American sportswriter (born 1994)

Shams Charania (/ˈʃɑːmz/ SHAHMZ; born April 1, 1994) is an American sports reporter for ESPN, where he covers the National Basketball Association. He previously worked for The Athletic, Stadium, and FanDuel TV.

Charania's success has been attributed to his persistent networking while sports reporting shifted away from long-form columns toward viral scoops.

== Early life ==
Charania was born on April 1, 1994, in Chicago, Illinois. His parents had immigrated to the United States from Pakistan in the 1980s. He attended New Trier High School in Winnetka, Illinois, then went to Loyola University Chicago, graduating in 2017 with a Bachelor of Arts in communications.

== Career ==
He began his sportswriting career at age 17 covering the Chicago Bulls for ChicagoNow, a subsidiary of the Chicago Tribune. In 2012, Charania began writing for RealGM, and reporting small transactions around the league. In 2015, Charania was hired by Adrian Wojnarowski to work for Yahoo Sports.

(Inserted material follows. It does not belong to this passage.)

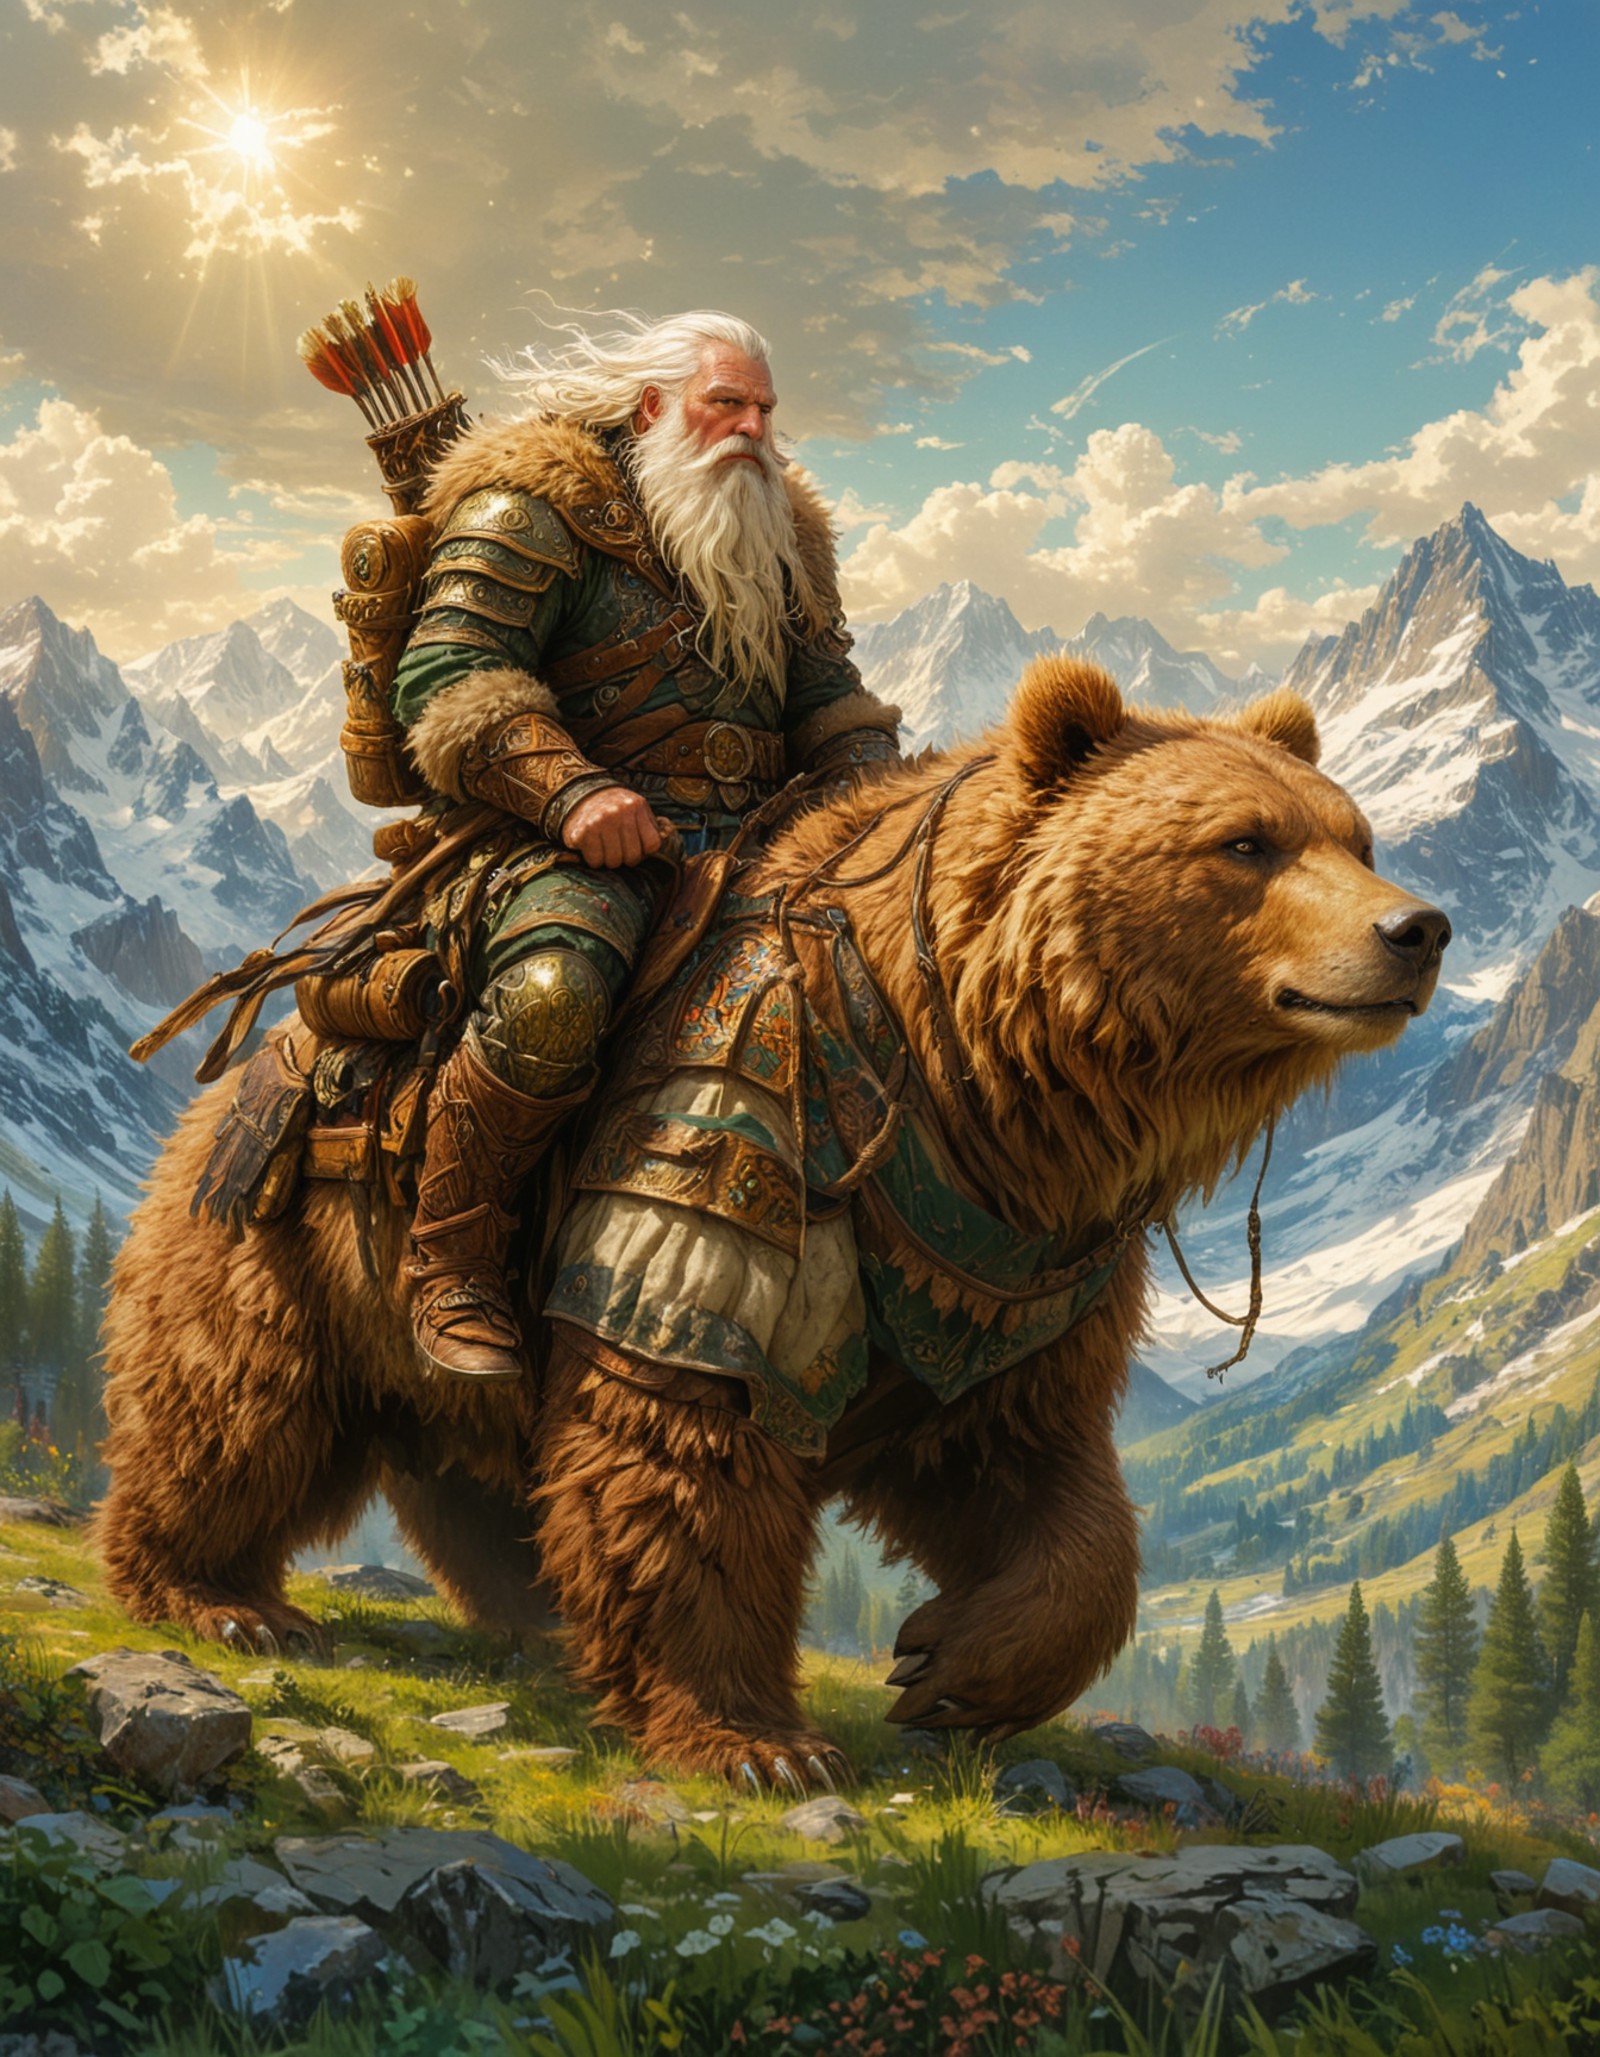 A heavily armored man riding atop a large brown bear in a serene mountainous landscape. The sun peeks through the clouds, casting a warm glow over the peaks and illuminating the lush greenery below. The rider carries an assortment of weapons and appears poised for travel or adventure.

After joining Yahoo, Charania began to break news of deals and high-profile signings in the summer of 2016, including Dwight Howard's move to the Atlanta Hawks, DeMar DeRozan's re-signing with the Toronto Raptors, Luol Deng's signing with the Los Angeles Lakers, and Jamal Crawford's signing with the Los Angeles Clippers. This set off a friendly rivalry between Wojnarowski and Charania. On August 14, 2018, Shams announced he was leaving Yahoo Sports for The Athletic and Stadium at the end of the month.

Charania was a paid contributor for the sports gambling company FanDuel. His work for the company, alongside his work as a reporter, has been described by articles in SBNation and the Washington Post as a potential conflict of interest, as his reporting can shift betting odds and potentially reveal pertinent info to FanDuel. SBNation.com documented two cases where tweets by Charania giving information attributed to anonymous sources caused wild swings in the betting market, but which later turned out to be without foundation.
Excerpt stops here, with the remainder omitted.